A Green Solution to the Housing Crisis


Startup converts old shipping containers into homes.

South Carolina’s SG Block is retrofitting 40-feet steel boxes from cargo ships emblazoned with brand names like Maersk into building units for homes.

The company has already erected a few homes and is now working on a development of several homes in Oceanside, California. Because the frame is made of steel, the homes also should stand up well in earthquakes. Ultimately, SG wants to become a component supplier to the construction industry – i.e., it will supply brand-name blocks to builders, architects and developers who will then turn them into dwellings.


Modular homes are getting ready for their close-up. Building homes in factories and then transporting them to a building site has several economic and environmental benefits over traditional construction, say advocates. Factory-built homes can be built more rapidly than conventional homes.

Building in a factory eliminates exposure of wood and other materials to the weather, which reduces the odds of mold blooms or warping. You can also get very tight seals between walls, windows and ceilings, which increases energy efficiency.


Michelle Kaufmann Designs is probably the leader among the new wave of modular home companies but the number of competitors grows all the time. VCs are also dipping more into building materials and buildings: unlike solar, these companies don’t need hundreds of millions of dollars. There is even a VC firm, Navitas, that specializes in green building investments.

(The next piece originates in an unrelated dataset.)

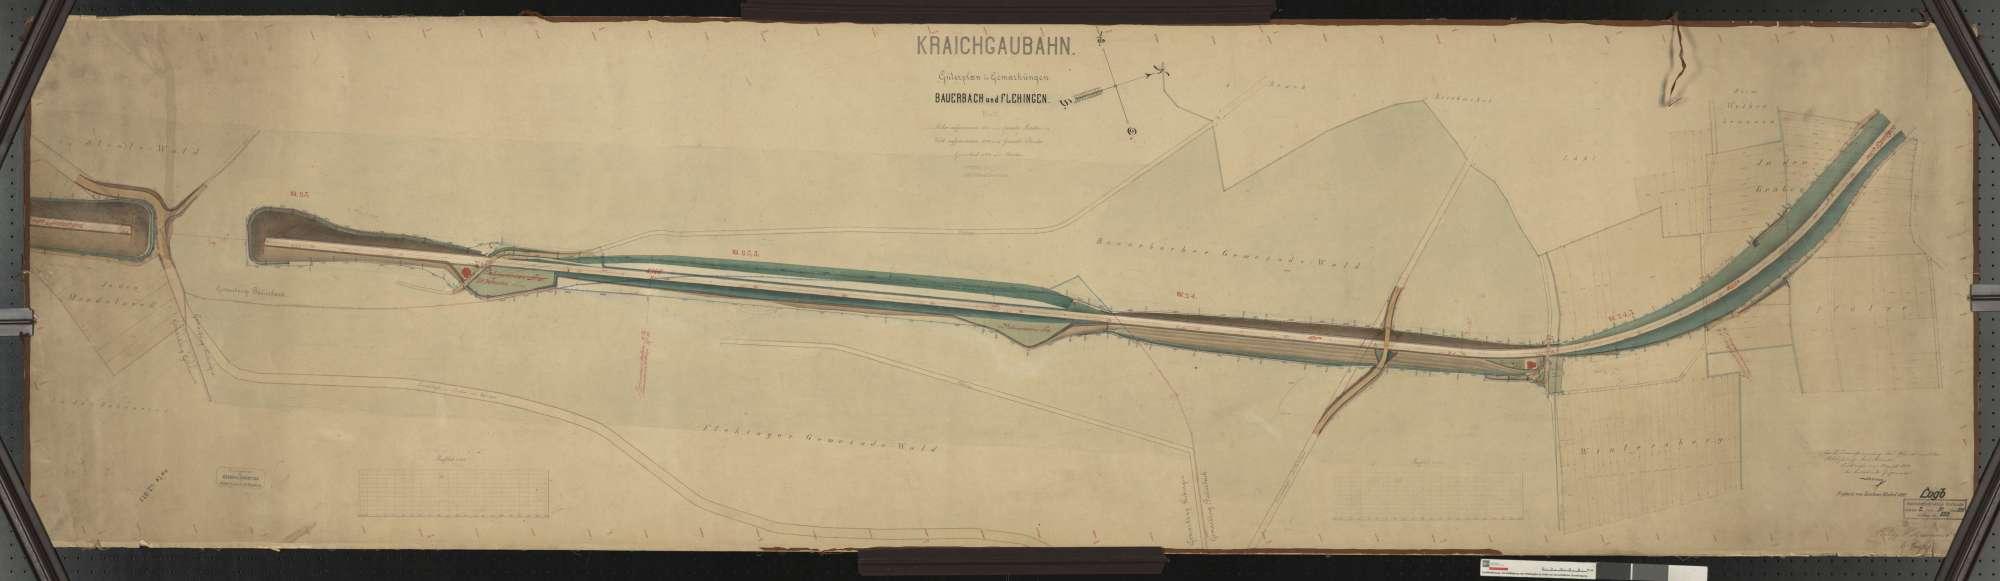 Güterplan der Kraichgaubahn: Gemarkungen Bauerbach und Flehingen Streckenausschnitt: 22,8 bis 24,8 km, Bild 1

The prices on factory homes vary widely. Some high-end modular homes can go for $400 a square foot. SG will sell some for $150 a square foot. (The price doesn’t include the cost of a foundation, which the company says can run $5 a square foot, or the land.)

The idea for the company came to founder Dave Cross during his days in the merchant marines. When you pilot crates around the world and stare at them all the time, you start to think about other things you can do with them, he explained.

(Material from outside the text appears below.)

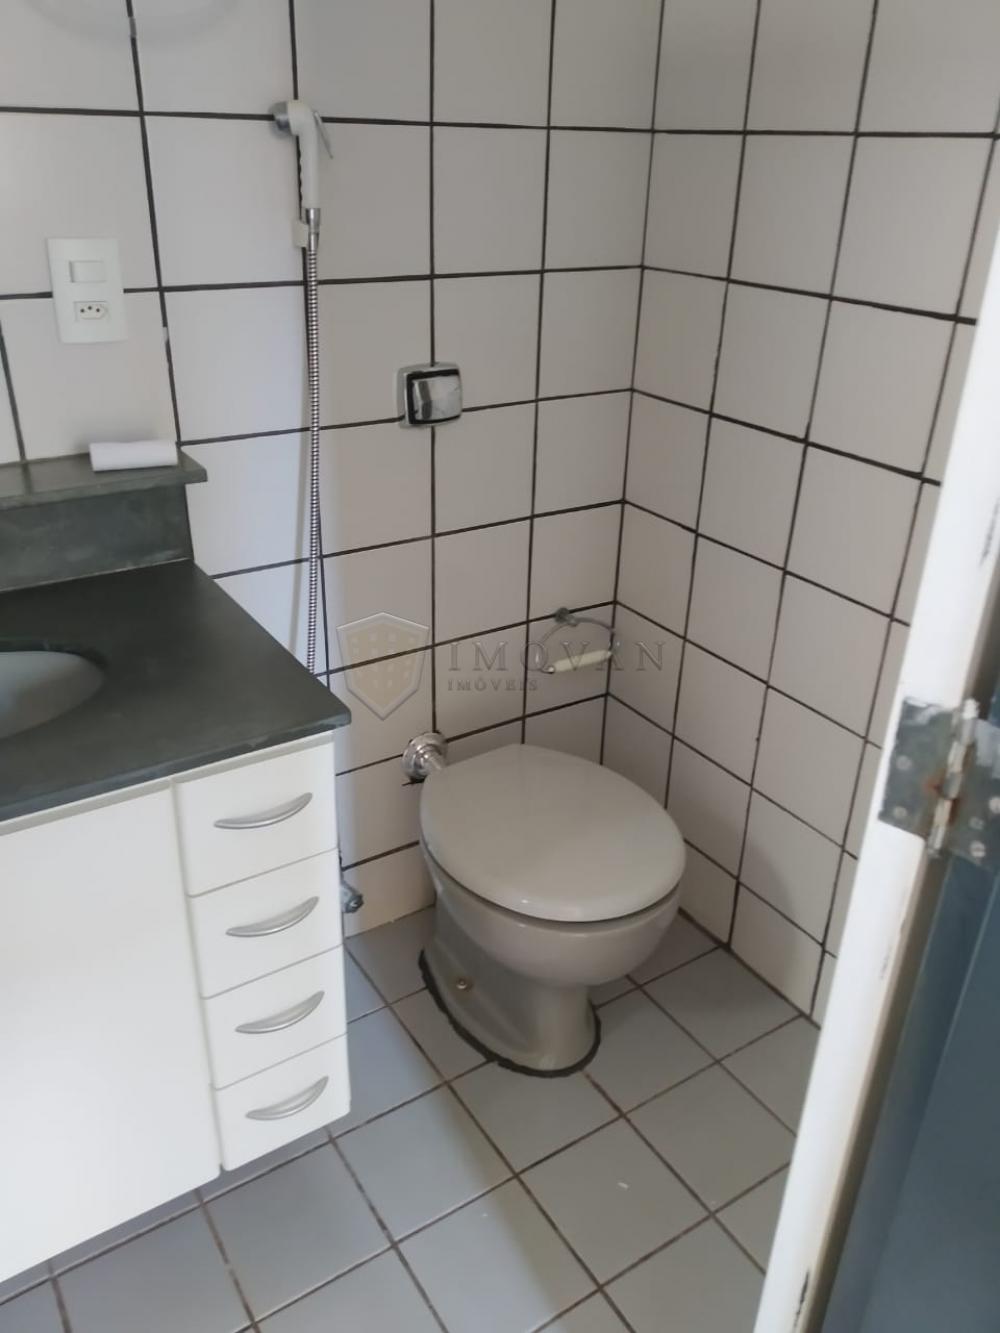 Comprar Apartamento / Padrão em Ribeirão Preto R$ 115.000,00 - Foto 10

He initially built some small versions of the house. Bob Vila saw them and began promoting SG Block.

And where do they get the block? Cross has pals in the salvage business from his days at sea. When they get the block, they remove the sides, clean them of noxious chemicals and add any needed support.

Disclosure: Greentech Media is one of several media sponsors at the show, but it is a pretty cool show. In a singe day I learned about how to make artificial grass, learned about alcohol-burning portable fireplaces and saw a toilet with a sink attached. By all means go.